The soteriological (salvational) concepts of Calvinists are always consistent with the sovereignty of God. Indeed, God's sovereignty, along with the Biblical revelation of His nature and attributes, is the foundational truth on which all other aspects of soteriology are founded. In contrast, Arminian soteriology rests upon the so-called free will of man, as did Pelagianism and Semi-Pelagianism from whose roots Arminianism has developed. Instead of pointing men to a sovereign God whose grace alone can save, Arminianism relies on the supposed sufficiency of the human will to choose to be saved when influenced by the gospel. Thus, the foundational doctrine of Arminianism is man's alleged free will, not God's free grace; its chief emphasis is human merit, not divine sovereignty; it worships at the altar of choice not mercy; it stresses what is fair, not just; and it elevates humanity, not deity.

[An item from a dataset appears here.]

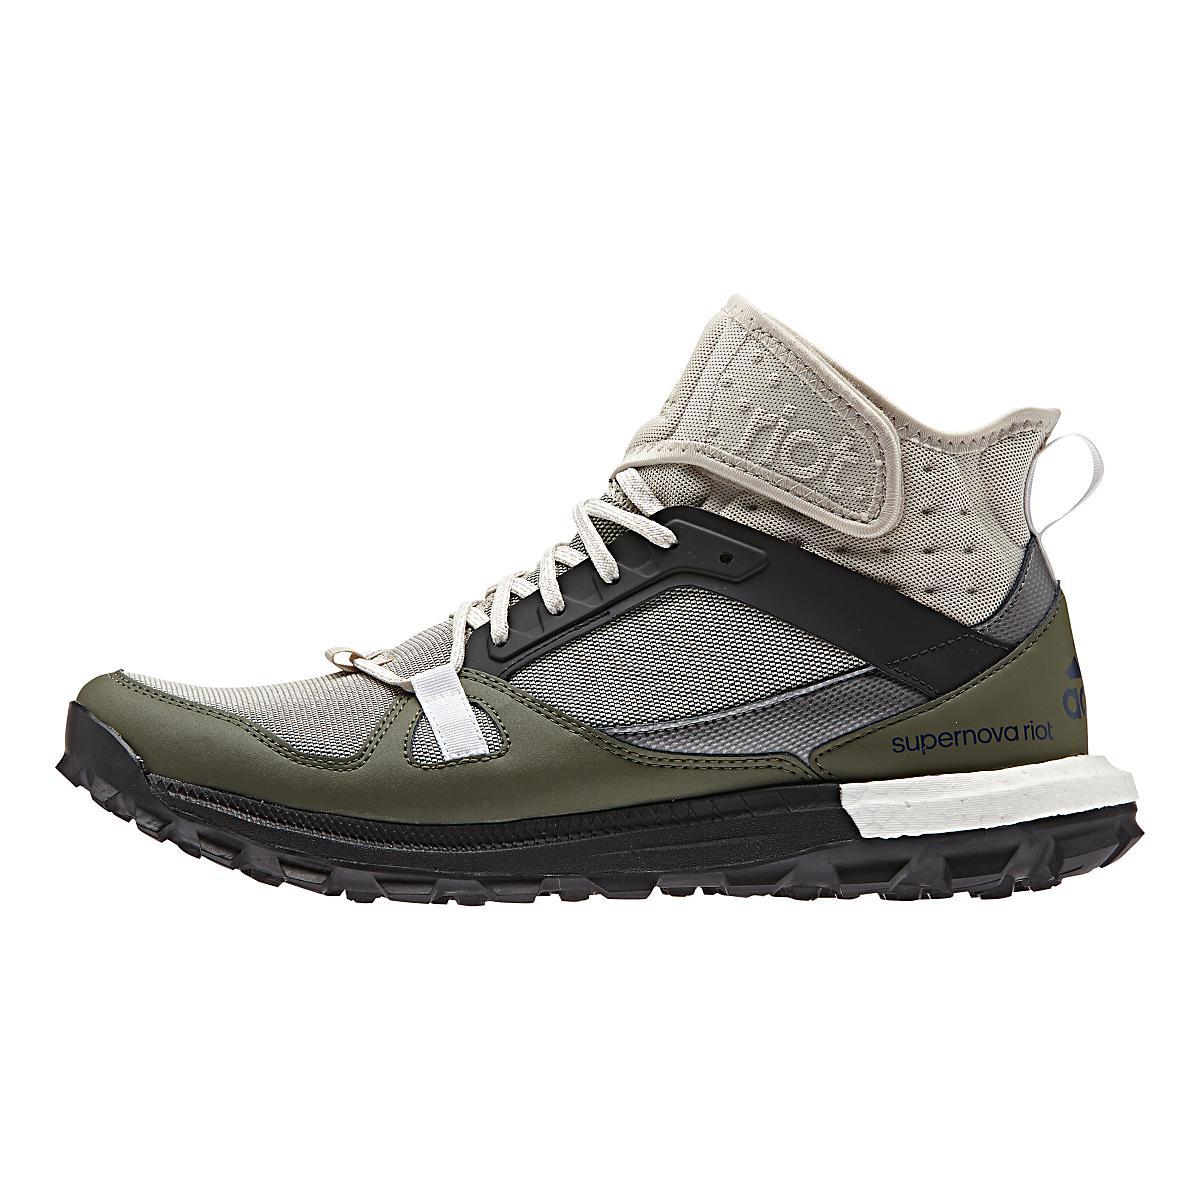 a380724837188 Mens adidas Supernova Riot Trail Running Shoe at Road Runner Sports

The Arminian tree has produced much rotten fruit. Arminianism has produced so-called decisional salvation with its anxious seats, mourners benches, counseling rooms, and the modern invitation, which is nothing less than a psychological tool to coerce people into professing faith in Christ. With its emphasis on fairness and God's owing every person the same opportunity to be saved, it has given rise to contemporary humanism and the whole modern-day rights movement. Because human choice is the high doctrine of this system, to which every other teaching must be adjusted, many sinful and abominable practices based on the so-called right of choice have developed wherever Arminianism has prevailed. [Adapted and/or excerpted from an article by Royce Smith.]